In a move that struck many in Moscow's downtrodden business circles as quixotic, BMW set up shop in Russia last fall. The arrival represents a return to an area closely linked with German history. Before World War II, the Russian region of Kaliningrad, separated from the motherland by Poland and Lithuania, was Konigsberg, capital of East Prussia. From 1945 until the collapse of the Soviet Union, it served as a major Soviet naval base and was off limits to Westerners. But now BMW's $25 million joint venture is up and running and--mirabile dictu--is actually assembling cars from so-called knockdown kits. "The Russian market may be chaotic," says Klaus Liske, BMW's local production director, "but we're confident that we've found a good home." As it happens, BMW's latest plant is a former Soviet naval factory that was built by Germans before the war to make U-boats. "A good German foundation," Liske notes, "for our move into Russia."
Good foundations for foreign investments are hard to come by in Russia these days, at least according to recent headlines that lend new meaning to the term hostile takeover. From Vyborg to Vladivostok, court fights over shareholders' rights have even led to bloody clashes between riot troops and local workers. "If you want to empty a boardroom on Wall Street," quips an American investment banker in Moscow, "just say the word Russia." For too many foreigners, investing in Russia has proved to be tortuous and hugely expensive. Just ask the folks at BP Amoco. Last fall the company nearly saw its $484 million investment in Russian oil giant Sidanko all but disappear in a maze of Russian corporate shenanigans. In a complex scheme with a brutishly simple result, Sidanko's most prodigious subsidiary was declared bankrupt and sold for a song to a rival, the Tyumen Oil Co. (TNK). BP Amoco vehemently objected and in late December reached a tentative settlement with TNK. But the Sidanko affair is still cited in expatriate business circles as a symbol of the hurdles foreigners face in Russia.

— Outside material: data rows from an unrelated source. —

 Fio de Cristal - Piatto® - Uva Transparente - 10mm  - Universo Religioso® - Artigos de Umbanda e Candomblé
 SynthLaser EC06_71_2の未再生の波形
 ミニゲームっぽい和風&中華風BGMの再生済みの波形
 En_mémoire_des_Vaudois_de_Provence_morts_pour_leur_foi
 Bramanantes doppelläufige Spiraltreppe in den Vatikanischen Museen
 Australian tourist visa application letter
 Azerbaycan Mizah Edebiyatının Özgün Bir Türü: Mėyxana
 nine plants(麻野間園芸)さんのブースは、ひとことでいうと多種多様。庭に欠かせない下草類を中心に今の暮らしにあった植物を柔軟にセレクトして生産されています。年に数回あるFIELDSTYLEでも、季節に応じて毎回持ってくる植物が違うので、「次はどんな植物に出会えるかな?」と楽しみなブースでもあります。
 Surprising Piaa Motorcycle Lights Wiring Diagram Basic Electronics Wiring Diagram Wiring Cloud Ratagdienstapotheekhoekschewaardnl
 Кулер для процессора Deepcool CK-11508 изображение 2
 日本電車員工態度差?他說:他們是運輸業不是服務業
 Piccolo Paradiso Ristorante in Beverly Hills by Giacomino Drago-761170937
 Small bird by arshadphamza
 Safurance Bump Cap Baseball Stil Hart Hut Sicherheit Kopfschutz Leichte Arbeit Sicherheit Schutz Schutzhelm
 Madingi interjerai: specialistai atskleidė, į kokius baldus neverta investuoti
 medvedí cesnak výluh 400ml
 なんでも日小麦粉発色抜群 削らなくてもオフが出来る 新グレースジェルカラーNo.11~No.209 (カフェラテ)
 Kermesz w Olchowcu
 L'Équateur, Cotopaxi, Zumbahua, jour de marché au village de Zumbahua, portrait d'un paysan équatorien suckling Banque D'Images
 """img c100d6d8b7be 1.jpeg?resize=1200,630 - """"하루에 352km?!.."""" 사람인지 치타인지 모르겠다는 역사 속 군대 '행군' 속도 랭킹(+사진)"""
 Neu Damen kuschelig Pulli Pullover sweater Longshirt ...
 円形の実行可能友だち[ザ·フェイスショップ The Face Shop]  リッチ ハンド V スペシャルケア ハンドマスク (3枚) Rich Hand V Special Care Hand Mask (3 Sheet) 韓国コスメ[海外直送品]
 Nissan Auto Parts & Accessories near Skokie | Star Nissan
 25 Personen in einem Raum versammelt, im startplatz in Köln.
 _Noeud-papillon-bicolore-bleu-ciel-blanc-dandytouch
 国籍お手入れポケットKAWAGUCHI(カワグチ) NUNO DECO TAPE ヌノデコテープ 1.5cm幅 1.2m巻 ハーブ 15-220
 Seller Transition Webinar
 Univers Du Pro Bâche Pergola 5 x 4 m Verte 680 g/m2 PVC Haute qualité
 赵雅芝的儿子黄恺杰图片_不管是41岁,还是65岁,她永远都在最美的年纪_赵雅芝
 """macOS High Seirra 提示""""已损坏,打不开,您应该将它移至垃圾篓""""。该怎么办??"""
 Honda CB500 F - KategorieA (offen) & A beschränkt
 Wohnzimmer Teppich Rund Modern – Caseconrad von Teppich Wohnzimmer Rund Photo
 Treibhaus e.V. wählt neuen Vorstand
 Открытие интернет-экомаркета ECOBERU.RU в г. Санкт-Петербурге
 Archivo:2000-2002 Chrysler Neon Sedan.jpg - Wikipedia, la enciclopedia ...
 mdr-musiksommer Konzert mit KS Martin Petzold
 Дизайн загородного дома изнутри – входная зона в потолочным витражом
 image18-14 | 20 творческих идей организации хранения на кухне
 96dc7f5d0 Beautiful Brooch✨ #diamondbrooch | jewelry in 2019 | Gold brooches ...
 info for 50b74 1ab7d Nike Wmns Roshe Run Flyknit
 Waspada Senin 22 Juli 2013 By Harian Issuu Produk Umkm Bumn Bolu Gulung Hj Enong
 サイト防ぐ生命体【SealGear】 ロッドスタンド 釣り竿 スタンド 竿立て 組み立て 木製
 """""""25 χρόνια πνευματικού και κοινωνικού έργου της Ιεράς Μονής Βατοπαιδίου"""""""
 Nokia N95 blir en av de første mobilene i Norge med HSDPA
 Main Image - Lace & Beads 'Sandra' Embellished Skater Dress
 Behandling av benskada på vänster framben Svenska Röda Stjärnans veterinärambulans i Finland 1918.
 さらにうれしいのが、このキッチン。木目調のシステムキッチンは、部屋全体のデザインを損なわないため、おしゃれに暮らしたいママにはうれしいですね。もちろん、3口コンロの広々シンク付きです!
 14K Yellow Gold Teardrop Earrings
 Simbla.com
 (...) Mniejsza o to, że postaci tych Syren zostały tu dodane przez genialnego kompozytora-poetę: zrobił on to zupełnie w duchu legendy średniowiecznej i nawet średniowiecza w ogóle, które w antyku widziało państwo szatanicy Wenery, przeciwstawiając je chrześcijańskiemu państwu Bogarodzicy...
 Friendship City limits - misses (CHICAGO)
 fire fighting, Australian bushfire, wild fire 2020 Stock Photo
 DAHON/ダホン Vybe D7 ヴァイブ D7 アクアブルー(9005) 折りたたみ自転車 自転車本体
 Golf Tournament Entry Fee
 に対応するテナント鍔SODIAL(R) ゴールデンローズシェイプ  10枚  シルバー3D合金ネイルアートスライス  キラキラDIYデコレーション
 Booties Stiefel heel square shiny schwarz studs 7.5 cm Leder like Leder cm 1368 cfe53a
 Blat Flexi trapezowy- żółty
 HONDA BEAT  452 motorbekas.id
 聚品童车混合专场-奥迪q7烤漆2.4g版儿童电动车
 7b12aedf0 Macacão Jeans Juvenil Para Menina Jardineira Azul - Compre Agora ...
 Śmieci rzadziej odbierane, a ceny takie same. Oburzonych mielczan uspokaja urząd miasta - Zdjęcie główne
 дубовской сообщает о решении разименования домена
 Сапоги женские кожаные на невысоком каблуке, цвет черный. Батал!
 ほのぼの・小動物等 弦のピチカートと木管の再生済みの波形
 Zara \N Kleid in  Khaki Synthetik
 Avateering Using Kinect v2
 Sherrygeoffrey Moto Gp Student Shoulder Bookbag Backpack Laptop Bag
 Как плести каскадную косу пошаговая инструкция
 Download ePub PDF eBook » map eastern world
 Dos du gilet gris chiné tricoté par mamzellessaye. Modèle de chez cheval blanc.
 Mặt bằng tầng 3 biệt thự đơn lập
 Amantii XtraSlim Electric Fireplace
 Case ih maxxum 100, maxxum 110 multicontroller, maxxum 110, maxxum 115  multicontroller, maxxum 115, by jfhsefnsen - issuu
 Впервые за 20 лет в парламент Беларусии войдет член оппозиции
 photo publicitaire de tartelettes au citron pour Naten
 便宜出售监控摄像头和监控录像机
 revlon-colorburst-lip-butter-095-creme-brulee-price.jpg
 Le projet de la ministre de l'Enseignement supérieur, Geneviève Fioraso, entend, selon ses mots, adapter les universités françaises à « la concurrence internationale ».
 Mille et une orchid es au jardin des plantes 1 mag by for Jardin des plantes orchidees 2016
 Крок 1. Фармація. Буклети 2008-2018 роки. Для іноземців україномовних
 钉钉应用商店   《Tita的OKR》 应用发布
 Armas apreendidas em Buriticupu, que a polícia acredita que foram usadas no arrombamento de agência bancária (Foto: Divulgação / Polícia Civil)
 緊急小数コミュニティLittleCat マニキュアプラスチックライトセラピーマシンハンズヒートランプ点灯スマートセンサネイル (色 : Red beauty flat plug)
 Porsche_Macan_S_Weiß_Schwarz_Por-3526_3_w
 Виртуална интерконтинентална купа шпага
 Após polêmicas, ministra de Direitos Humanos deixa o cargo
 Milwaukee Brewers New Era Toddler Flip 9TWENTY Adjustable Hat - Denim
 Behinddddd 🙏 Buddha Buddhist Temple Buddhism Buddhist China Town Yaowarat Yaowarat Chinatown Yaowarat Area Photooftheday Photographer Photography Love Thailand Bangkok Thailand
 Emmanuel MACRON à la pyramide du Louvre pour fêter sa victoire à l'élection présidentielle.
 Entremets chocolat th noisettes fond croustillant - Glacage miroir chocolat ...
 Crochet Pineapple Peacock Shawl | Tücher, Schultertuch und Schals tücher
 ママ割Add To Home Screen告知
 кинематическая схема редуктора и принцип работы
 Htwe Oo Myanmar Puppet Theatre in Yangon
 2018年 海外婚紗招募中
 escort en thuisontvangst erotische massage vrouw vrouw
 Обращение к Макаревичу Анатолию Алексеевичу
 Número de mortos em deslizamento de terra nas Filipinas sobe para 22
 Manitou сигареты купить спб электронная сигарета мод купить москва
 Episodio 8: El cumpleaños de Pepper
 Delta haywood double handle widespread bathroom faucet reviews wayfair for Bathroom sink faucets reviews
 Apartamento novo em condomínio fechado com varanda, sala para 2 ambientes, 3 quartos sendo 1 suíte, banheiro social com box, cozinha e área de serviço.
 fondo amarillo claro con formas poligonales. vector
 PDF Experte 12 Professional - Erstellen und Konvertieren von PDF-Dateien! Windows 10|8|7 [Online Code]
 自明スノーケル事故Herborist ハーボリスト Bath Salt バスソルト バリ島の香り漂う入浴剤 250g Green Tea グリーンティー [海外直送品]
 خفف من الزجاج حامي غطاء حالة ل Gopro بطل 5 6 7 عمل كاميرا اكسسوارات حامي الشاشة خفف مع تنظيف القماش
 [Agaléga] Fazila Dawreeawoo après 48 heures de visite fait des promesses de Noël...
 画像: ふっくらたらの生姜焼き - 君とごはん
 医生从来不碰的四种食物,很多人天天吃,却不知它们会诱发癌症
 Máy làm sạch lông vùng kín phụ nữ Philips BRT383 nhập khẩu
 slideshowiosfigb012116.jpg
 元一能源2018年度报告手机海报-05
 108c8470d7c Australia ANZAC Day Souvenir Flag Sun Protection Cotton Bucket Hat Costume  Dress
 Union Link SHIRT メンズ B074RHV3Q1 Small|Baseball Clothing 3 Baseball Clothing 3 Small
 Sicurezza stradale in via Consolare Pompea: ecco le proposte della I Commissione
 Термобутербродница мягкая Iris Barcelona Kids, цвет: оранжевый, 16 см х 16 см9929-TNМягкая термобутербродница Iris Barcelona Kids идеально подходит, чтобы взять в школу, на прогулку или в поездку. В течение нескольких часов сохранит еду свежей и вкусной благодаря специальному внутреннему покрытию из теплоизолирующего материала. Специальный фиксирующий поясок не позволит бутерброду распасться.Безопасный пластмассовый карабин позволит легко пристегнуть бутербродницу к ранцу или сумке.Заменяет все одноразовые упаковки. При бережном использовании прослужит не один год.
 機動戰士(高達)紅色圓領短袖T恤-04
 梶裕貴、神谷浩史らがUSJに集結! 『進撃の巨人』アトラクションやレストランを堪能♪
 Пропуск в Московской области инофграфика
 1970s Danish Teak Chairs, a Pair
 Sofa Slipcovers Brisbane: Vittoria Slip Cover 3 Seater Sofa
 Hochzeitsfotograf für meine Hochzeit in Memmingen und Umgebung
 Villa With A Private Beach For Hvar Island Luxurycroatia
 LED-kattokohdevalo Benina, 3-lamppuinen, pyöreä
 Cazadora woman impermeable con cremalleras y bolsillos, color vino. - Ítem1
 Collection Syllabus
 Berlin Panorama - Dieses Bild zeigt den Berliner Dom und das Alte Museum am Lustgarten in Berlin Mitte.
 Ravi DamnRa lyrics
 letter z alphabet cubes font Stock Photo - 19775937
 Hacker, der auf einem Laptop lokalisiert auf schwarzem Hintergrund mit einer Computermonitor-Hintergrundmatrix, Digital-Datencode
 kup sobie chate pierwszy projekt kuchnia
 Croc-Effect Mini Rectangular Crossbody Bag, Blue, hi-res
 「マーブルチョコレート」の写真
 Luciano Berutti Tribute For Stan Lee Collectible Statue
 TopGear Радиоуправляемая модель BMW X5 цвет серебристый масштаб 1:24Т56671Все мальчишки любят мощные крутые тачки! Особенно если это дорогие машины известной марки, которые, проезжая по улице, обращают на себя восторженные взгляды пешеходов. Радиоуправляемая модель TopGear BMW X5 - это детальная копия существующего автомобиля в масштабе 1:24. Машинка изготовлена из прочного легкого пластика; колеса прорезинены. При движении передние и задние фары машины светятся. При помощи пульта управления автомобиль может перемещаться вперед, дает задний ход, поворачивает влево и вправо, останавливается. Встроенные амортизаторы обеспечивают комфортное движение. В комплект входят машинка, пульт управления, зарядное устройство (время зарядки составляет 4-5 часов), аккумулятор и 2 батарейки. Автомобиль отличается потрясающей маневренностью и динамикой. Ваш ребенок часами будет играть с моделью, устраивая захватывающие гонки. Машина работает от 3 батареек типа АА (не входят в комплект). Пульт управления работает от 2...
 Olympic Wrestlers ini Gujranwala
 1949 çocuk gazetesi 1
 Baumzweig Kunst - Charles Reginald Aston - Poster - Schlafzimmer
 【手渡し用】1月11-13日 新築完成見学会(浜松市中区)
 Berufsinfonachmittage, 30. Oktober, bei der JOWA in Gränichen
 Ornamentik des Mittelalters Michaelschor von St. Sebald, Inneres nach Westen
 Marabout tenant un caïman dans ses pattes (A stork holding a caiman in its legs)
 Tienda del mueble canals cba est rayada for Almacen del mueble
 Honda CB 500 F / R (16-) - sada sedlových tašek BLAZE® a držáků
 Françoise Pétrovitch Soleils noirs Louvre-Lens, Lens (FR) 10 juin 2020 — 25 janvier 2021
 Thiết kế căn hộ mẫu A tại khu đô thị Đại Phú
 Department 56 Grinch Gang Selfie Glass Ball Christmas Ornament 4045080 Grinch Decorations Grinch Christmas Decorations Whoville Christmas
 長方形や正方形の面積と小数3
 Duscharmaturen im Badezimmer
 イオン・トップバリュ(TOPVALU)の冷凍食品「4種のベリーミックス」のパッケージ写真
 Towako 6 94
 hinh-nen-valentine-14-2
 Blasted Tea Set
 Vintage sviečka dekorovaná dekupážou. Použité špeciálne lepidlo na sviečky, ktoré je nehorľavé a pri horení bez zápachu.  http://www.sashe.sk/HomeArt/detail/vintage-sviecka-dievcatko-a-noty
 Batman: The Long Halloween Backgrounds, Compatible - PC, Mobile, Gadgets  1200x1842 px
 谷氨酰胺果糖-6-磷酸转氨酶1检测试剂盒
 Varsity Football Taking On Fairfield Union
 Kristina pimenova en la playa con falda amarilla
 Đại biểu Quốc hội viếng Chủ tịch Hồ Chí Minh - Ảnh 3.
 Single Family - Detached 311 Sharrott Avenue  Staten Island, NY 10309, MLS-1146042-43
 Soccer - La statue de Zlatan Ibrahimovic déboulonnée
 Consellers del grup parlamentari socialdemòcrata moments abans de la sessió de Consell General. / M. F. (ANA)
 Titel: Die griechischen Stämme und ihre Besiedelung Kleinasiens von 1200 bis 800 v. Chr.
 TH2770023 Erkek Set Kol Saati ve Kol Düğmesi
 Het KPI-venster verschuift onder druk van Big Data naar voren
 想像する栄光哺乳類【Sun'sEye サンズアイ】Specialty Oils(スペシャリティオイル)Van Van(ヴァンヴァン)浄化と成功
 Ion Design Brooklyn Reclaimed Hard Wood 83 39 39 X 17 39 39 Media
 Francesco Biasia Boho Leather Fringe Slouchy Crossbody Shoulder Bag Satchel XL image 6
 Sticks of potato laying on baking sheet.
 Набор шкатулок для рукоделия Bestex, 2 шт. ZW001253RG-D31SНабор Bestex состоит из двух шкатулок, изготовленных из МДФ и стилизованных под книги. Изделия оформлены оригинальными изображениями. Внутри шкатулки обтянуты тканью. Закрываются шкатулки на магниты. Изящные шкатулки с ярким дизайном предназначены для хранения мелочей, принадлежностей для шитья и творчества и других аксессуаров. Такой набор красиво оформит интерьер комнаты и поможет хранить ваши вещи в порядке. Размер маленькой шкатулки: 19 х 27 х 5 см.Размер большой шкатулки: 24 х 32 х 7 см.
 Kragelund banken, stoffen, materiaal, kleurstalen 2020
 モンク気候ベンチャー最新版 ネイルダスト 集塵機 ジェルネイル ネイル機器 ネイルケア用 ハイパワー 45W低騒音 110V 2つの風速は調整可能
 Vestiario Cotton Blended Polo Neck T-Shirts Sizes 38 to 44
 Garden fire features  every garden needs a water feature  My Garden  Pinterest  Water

Yet as BMW shows, hurdles are there to be leaped. Along with the German automaker last year, Ikea, Nestle, Caterpillar, Lucent Technologies, Ford Motor Co., Gillette and Philip Morris quietly added to their investments--nearly all built production plants with local partners, pouring more than half a billion dollars in direct foreign investment into Russia. In all cases, investors have developed a range of protection plans to help ensure that they prosper, even if that word is somewhat loosely defined.